Thanks you all folks

Jul 3, 2015 1:55 AM in response to mauhey67

mauhey67 wrote:


is the xprotect thing done automatically?

As long as you have it enabled in System Preferences->Security->General tab "Automatically install important security updates".

Is it possible to check it?

Open the Terminal app, copy and paste the following line and hit return:

defaults read /System/Library/CoreServices/CoreTypes.bundle/Contents/Resources/XProtect.meta Version

p.s. no one of you mentioned clamxav

Since I volunteer uncompensated tech support on the ClamXav Forum I could be seen as having a bias, so I refrain from making such recommendations.


I do have half a dozen A-V scanners installed, but none of them are active. I have them for testing purposes and in case there is ever a day when I feel I must use one. I have experienced Sophos stability issues two or three times over several years now for unknown reasons, and had to re-install, but since I don't use it regularly I can't properly evaluate it's problems or capabilities beyond what I've read here.

Dec 15, 2015 3:08 PM in response to schoodle

Constantly telling people that because they are older that is the reason for them having problems with 'change' & computing social networks & so on is garbage.


I am 67 and started learning about computing from the age of 20 when IBM tried to con me into becoming a programmer for them. But really only started learning a bit about them from 1979 when I became the public relations consultant for a USA computer manufacturer. The thing about that job was I had to write articles for the press and for manuals etc, all of which had to pass by the CEO. It had to be correct & so I had to learn it about first.
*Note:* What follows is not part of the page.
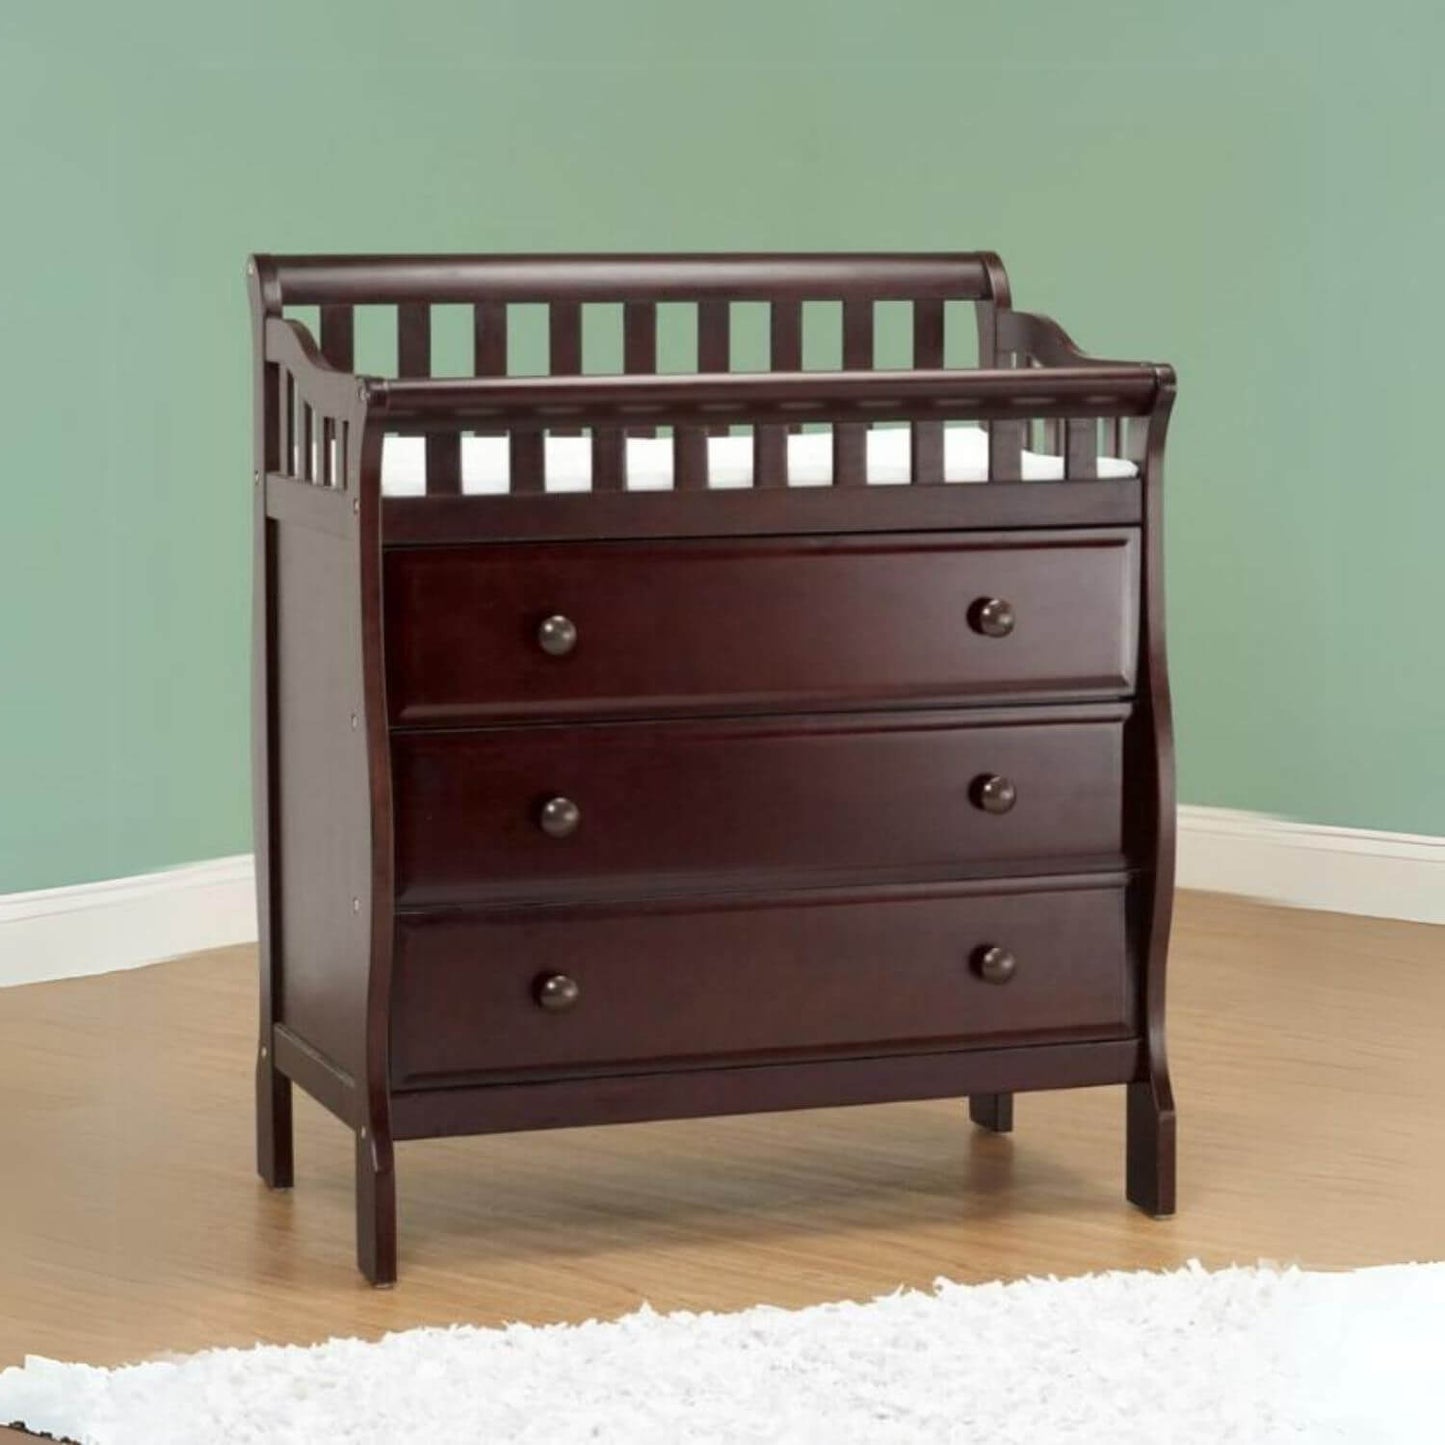 Orbelle Oneman Changing Table Espresso - Lifestyle

Since then I have had a number of different IT & computing clients.


I mention all this to point out I think I am entitled to have a valid opinion on the subject. And that opinion is ... software stinks. A computer screen is simply an electronically generated replacement for a bit of paper with the added facility of being 'interactive' when you click on things.


So why should this electronic bit of paper disobey all the previous rules that applied to paper ? Like, easy to navigate, readability, sensible graphic design etc etc.


Instead ALL the difficulties people have are caused by the stupidly ignorant way originators of these electronic pages write them. They display a laughable inability to communicate and are often almost illiterate. That's it.


So when intelligent people find webpages impossible to navigate etc the users are blamed for the sheer ignorance of the illiterate people producing those pages/software and users are told they are technophobes. Technology is nothing to do with it. Technology is all about what is going on inside all the hardware & we don't need to bother with any of that at all.


And social media ? Don't make me laugh. It isn't even worth talking about it is so stupid.


My seventeen year old son is also unimpressed by all this electronically generated garbage too.